The Greco-Roman heavyweight competition at the 1912 Summer Olympics was part of the wrestling programme.

The competition used a form of double-elimination tournament. Rather than using the brackets that are now standard for double-elimination contests (and which assure that each match is between two competitors with the same number of losses), each wrestler drew a number. Each man would face off against the wrestler with the next number, provided he had not already faced that wrestler and that the wrestler was not from the same nation as him (unless this was necessary to avoid byes).

When only three wrestlers remain (the medalists), the double-elimination halts and a special final round is used to determine the order of the medals.

Results

First round

17 wrestlers began the competition.

Second round

17 wrestlers started the second round, 9 with no losses and 8 with one.  Pelander, who had had a bye in the first round, wrestled twice in the second.

6 wrestlers were eliminated, the most possible given that 3 of the 9 matches were between two undefeated wrestlers.  2 survived potential elimination by eliminating another wrestler.  3 received their first loss, while 6 remained undefeated.

Third round

11 wrestlers started the third round, 6 with no losses and 5 with one.

3 wrestlers were eliminated, the most possible given that 2 of the 5 matches were between two undefeated wrestlers.  2 survived potential elimination, 1 by eliminating another wrestler and 1 via a bye.  2 received their first loss, while 4 remained undefeated.

Fourth round

8 wrestlers started the fourth round, 4 with no losses and 4 with one.

The matches in this round were all symmetrical in terms of number of losses by the wrestlers involved.  Two involved a pair of wrestlers with one loss each, with the other two being contested by the four undefeated wrestlers.  This led to two men being eliminated, two surviving potential elimination, two receiving their first loss, and two remaining undefeated.

Fifth round

6 wrestlers started the fifth round, 2 with no losses and 4 with one.

In what could have been the last elimination round, the two undefeated wrestlers each faced off against a man with one loss.  Olin's survival of his potential elimination by defeating Saarela was the first instance of a man with one loss defeating an undefeated wrestler in the event; it was followed closely by Neser's defeat of Viljaama.  Each of those four men advanced to the sixth round along with Jensen, who had won the only certain loser-out match of the round against Backenius.

Sixth round

5 wrestlers started the fourth round, all with one loss.
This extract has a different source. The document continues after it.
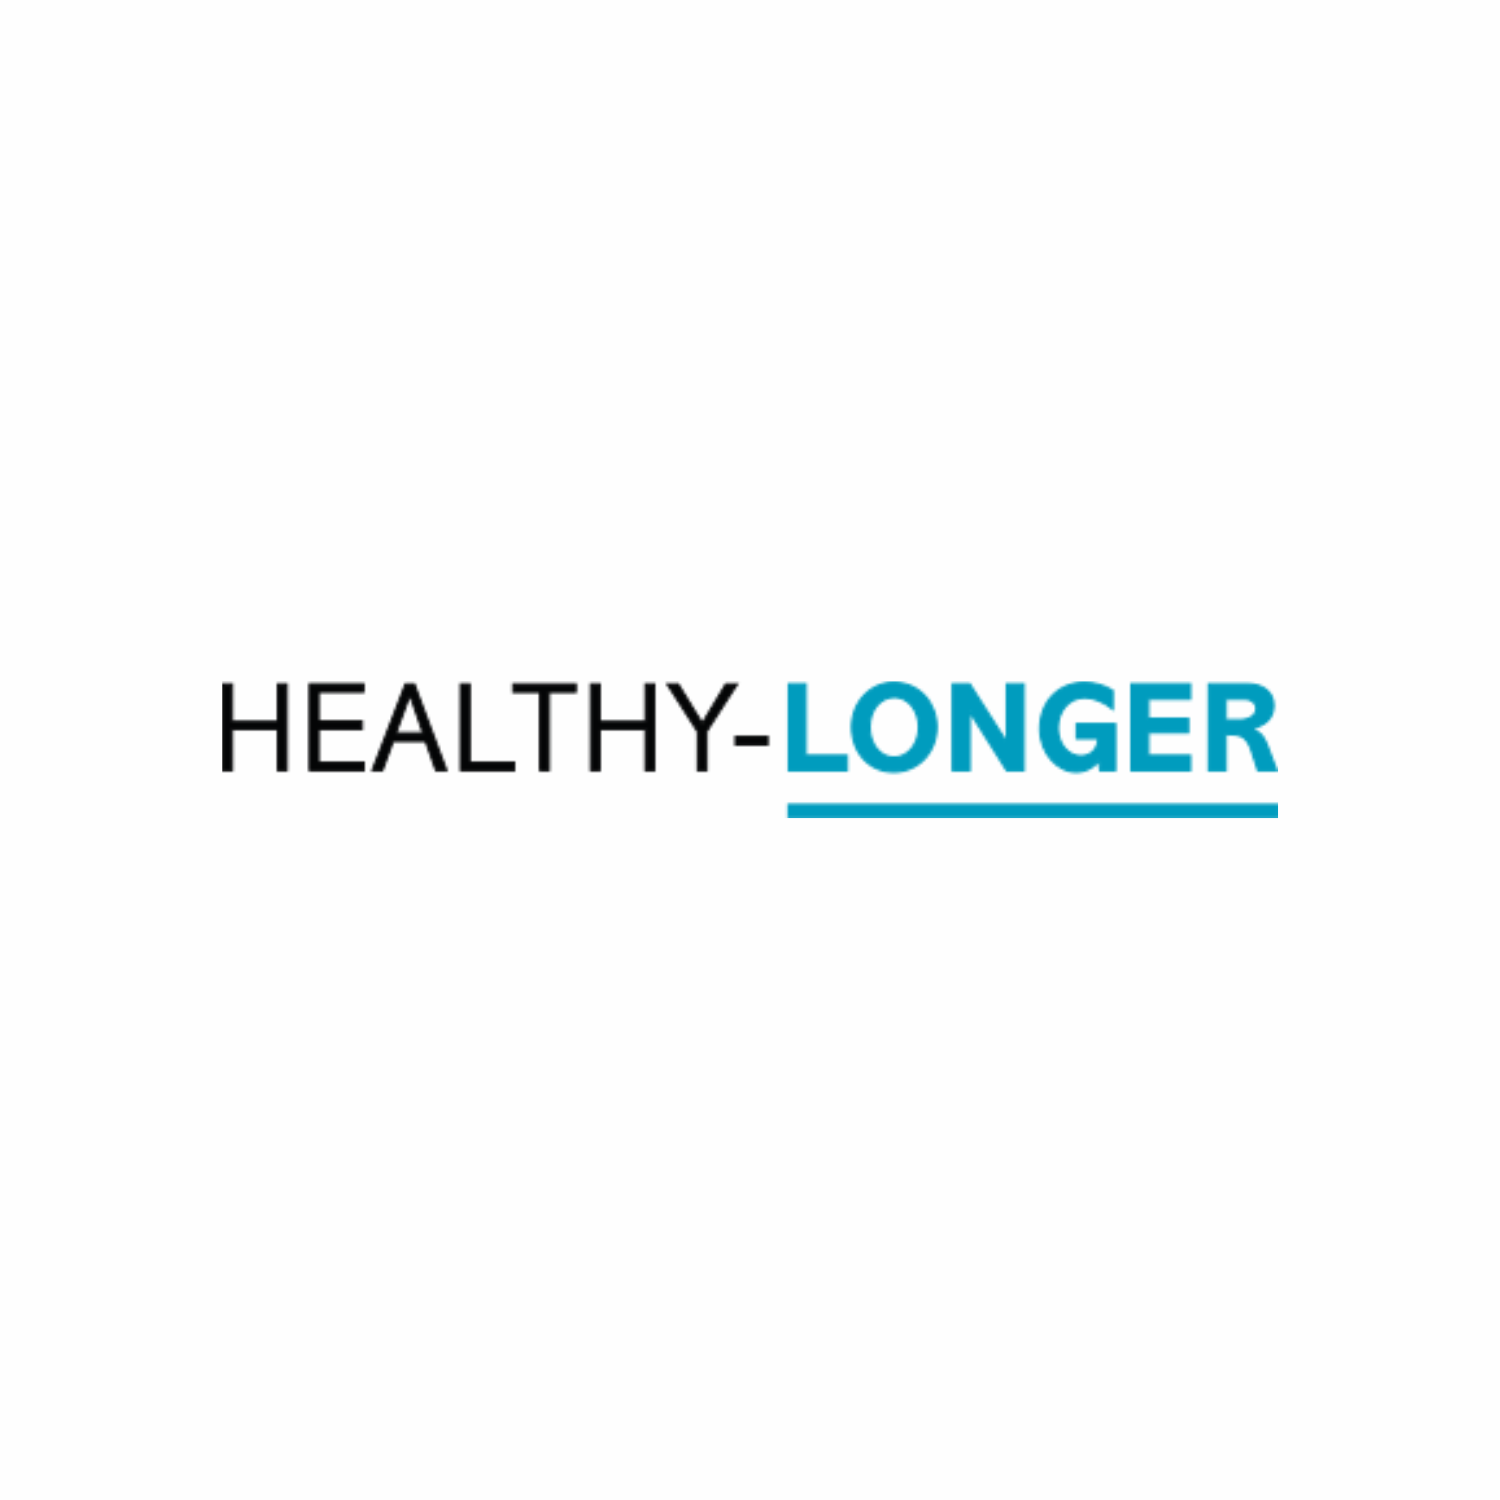 Healthy - Longer

With only five men left, and all having a loss, the sixth round would have consisted of two matches that were both sure to be loser-out.  Viljaama, however, withdrew after having suffered his first loss.  This left only one match in the sixth round, and Olin and Jensen had the byes.  Neser faced Saarela; the German was unable to survive elimination a second time in a row and fell to the Finn.

Final round

With three wrestlers remaining, all of the previous results were ignored for the final round.